Осмысливая катастрофу «белого» движения, Устрялов приходил к выводу о бесплодности вооруженной борьбы против большевиков. Их победа была неизбежна, они выступали в качестве защитников национальных интересов России, тогда как антибольшевистское движение «слишком связало себя с иностранным элементом». Несмотря на свою интернационалистскую сущность, большевизм оказался «империалистичным и централистским едва ли не в большей мере, чем сам П. Н. Милюков»5. Большевики восстанавливают государственность на всем пространстве бывшей Российской империи, «собирают» земли в «великое и единое государство». «Великая и

неделимая Россия» появляется вновь, но на этот раз в большевистской оболочке. Сменовеховцы дают новой русской власти советы по ее устроению. Надо ликвидировать Дальневосточную Республику (ДВР), включив ее территорию в прежние государственные границы. А во внешней политике новой России следует ориентироваться на Японию: при сложившейся в мире расстановке сил две страны не имеют поводов для соперничества и могут быть естественными союзниками.

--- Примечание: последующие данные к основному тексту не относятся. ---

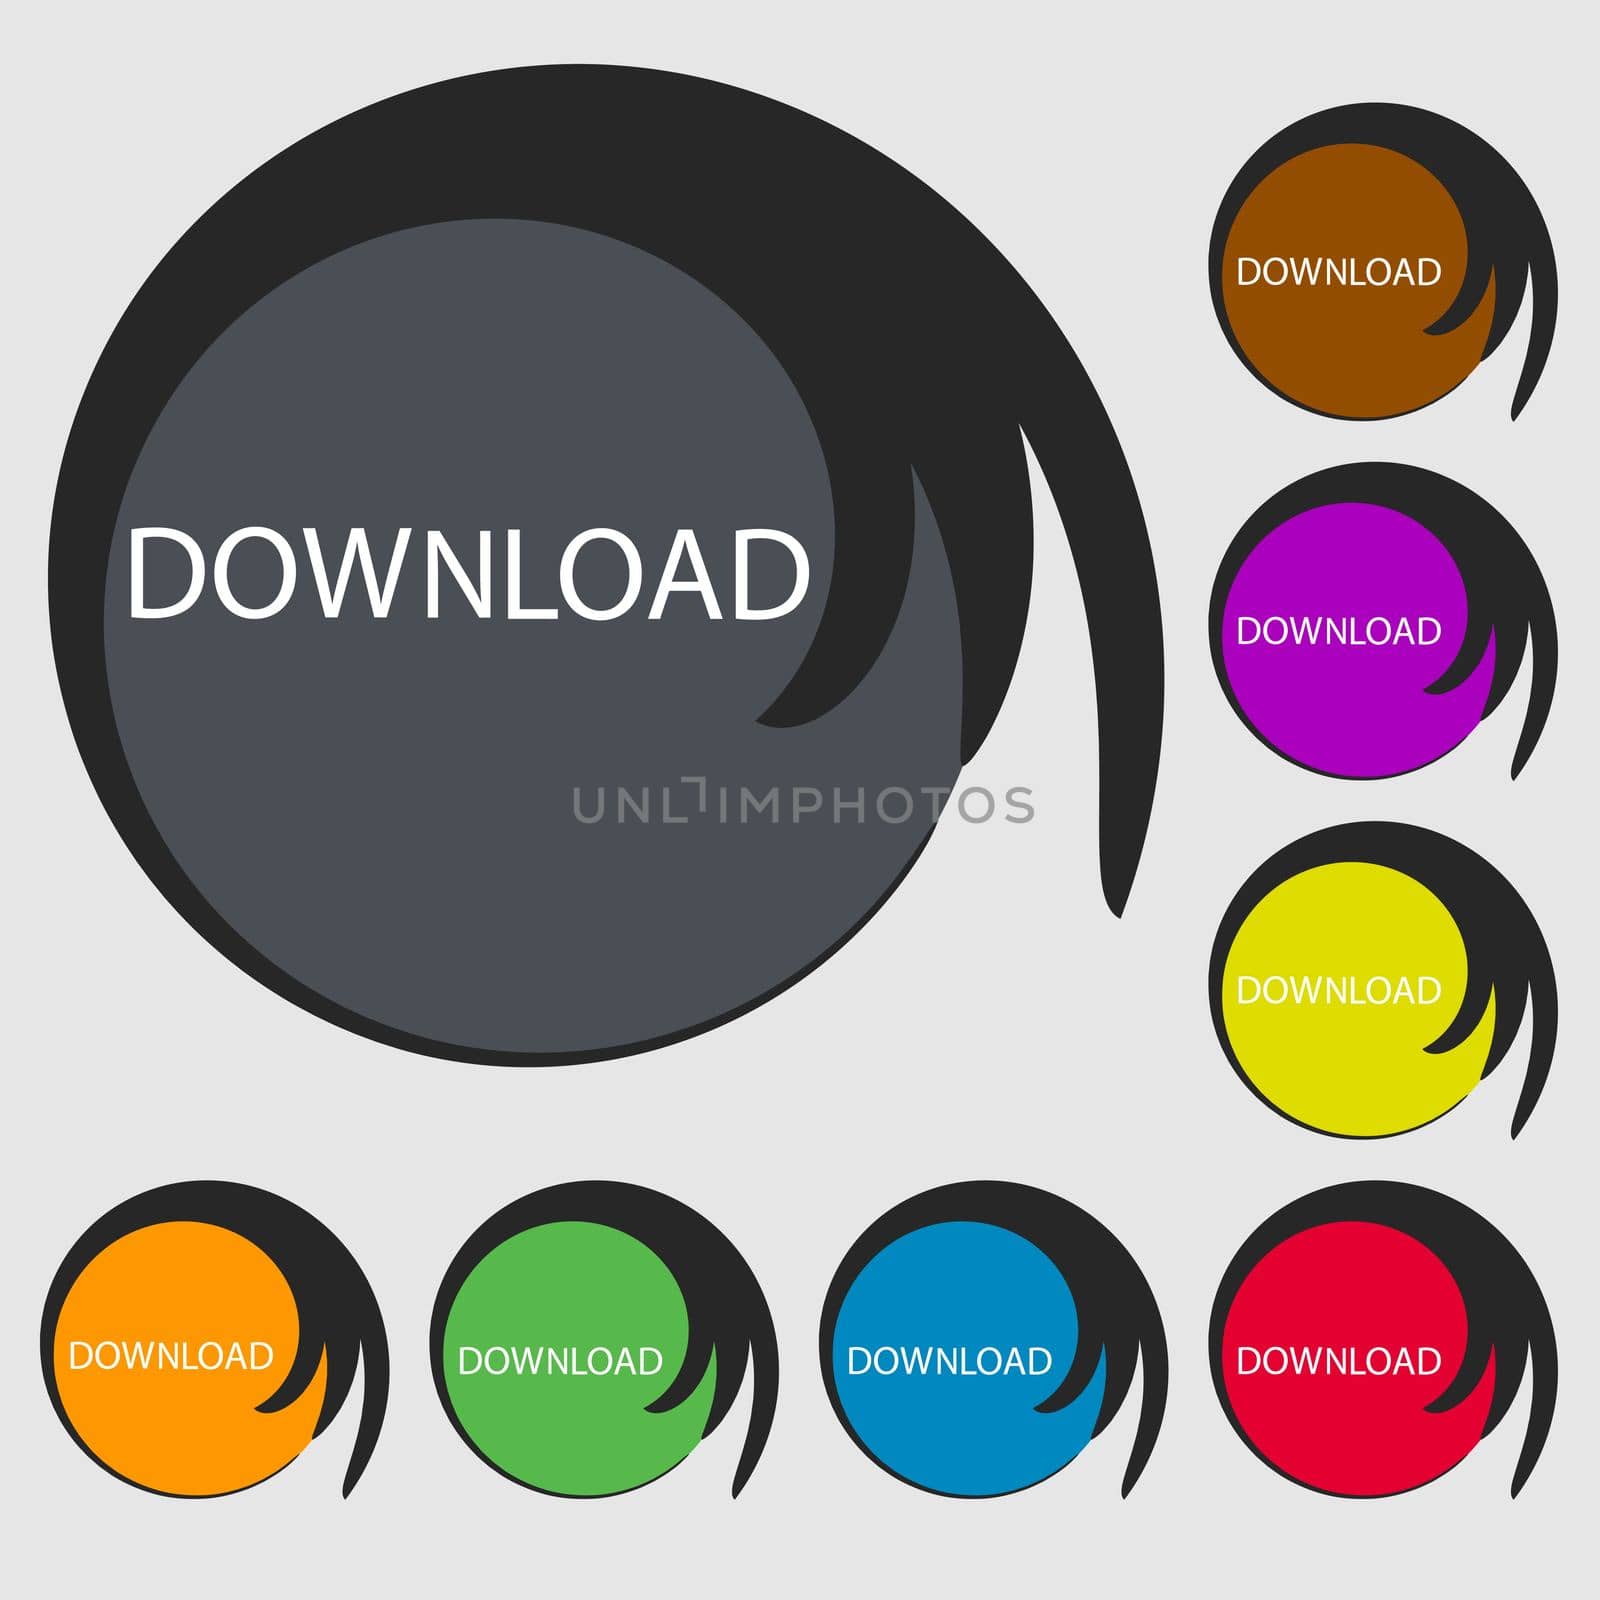 Download icon. Upload button. Load symbol. Symbols on eight colored buttons. illustration

Призыв к сотрудничеству с большевиками отнюдь не означал принятия сменовеховцами большевистской идеологии. «Гражданский мир» они предлагали большевикам потому, что видели в нем средство мирного «преодоления большевизма», благо эволюция последнего уже началась. Процесс перерождения большевистской системы в буржуазно-демократическую государственность казался Устрялову и его единомышленникам неизбежным. Переход советского правительства к новой экономической политике усиливал их убежденность в собственной правоте. Ведь «большевизм, изменивший свою экономическую политику, не есть уже прежний боль-шевизм»6. Либерализация экономики должна была со временем привести к демократизации государственного строя. Эмиграции следует вернуться в Россию: объективно это будет способствовать переводу страны на новые хозяйственные рельсы, что в свою очередь должно подтолкнуть большевиков к принятию ценностей буржуазной демократии. Будущая Россия станет парламентской республикой с широкими политическими свободами и гражданскими правами.

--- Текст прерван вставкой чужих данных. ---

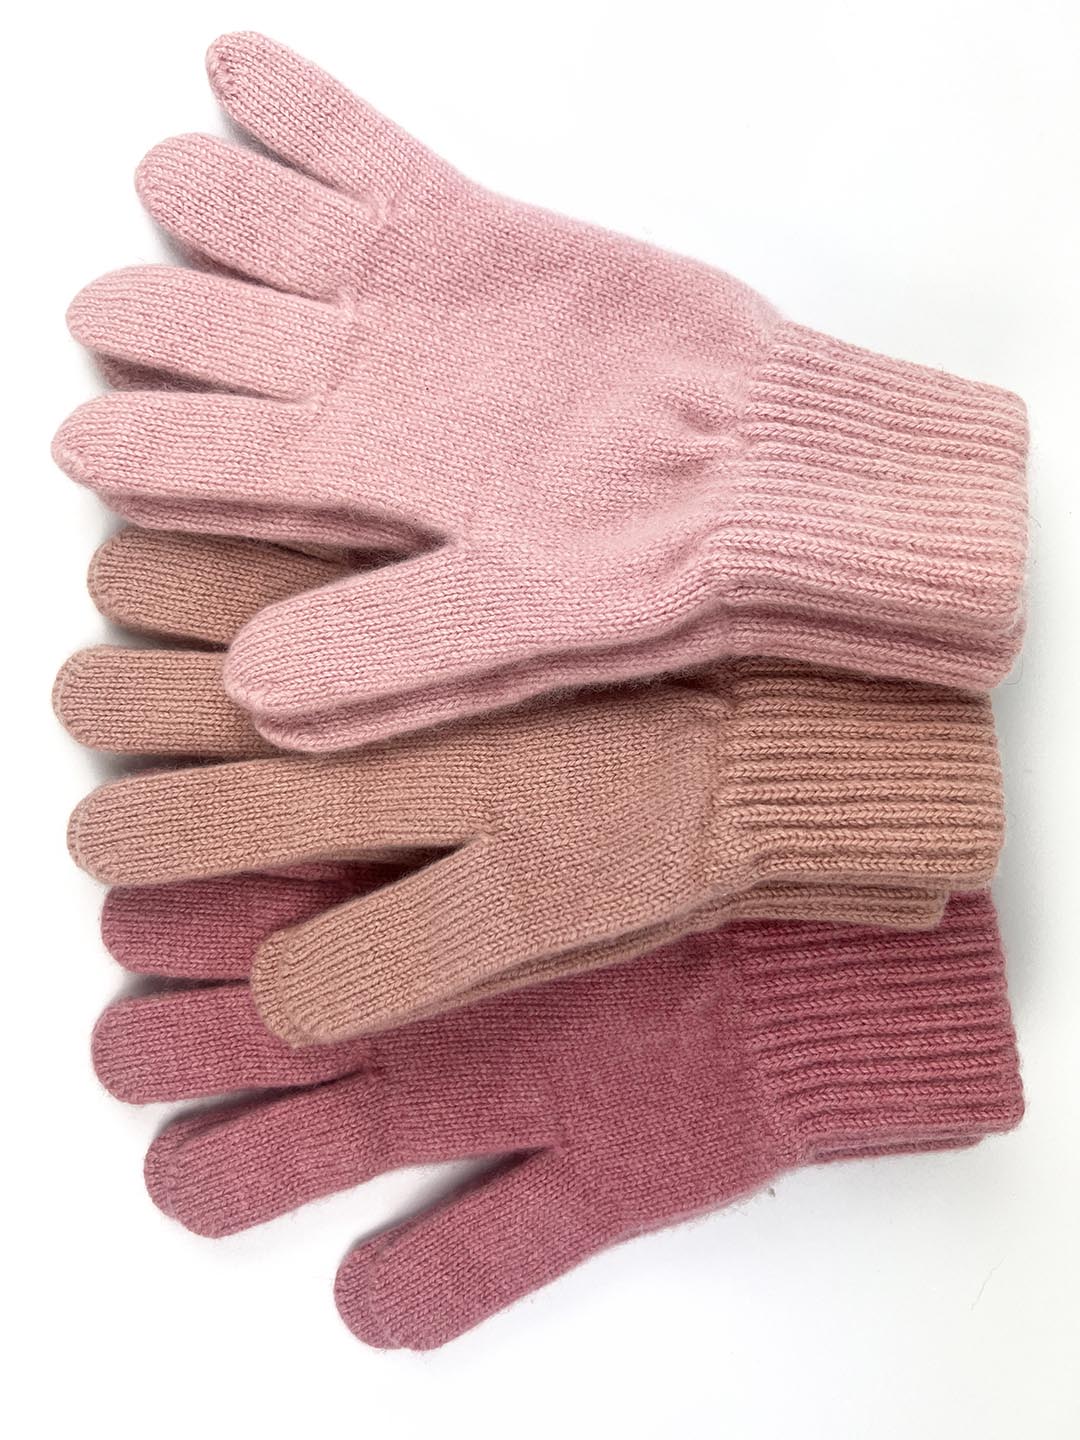 Rosie sugden cashmere gloves in shades of pink. Knitted in the Scottish borders

В 1926 году Устрялов посетил СССР и вскоре опубликовал в Харбине свои путевые заметки. Тон их был восторженным. «Дух восстановления, ренессанса», охвативший страну, произвел на него глубокое впечатление7. В брошюре «Накануне», изданной в Шанхае в 1930 году, лидер дальневосточного сменовеховства, недавний противник большевизма фактически признал социализм перспективным общественным строем и оправдал политический курс Сталина. В 1935 году Устрялов вернулся в СССР, два года преподавал в одном из московских институтов, а затем попал в жернова той самой тоталитарной машины, с деятельностью которой связывал возрождение страны. Она раздавила его так же, как и миллионы его соотечественников.

Евразийцы. Сменовеховцы в среде русской дальневосточной эмиграции не были одинокими, у них находились точки соприкос-

новения с евразийцами, более всех увлеченными метафизическим смыслом большевизма. Правда, как уже отмечалось, ярких звезд на евразийском небосклоне со стороны Китая не взошло, так что и характеристика этого направления мысли в среде дальневосточной эмиграции поневоле окажется краткой.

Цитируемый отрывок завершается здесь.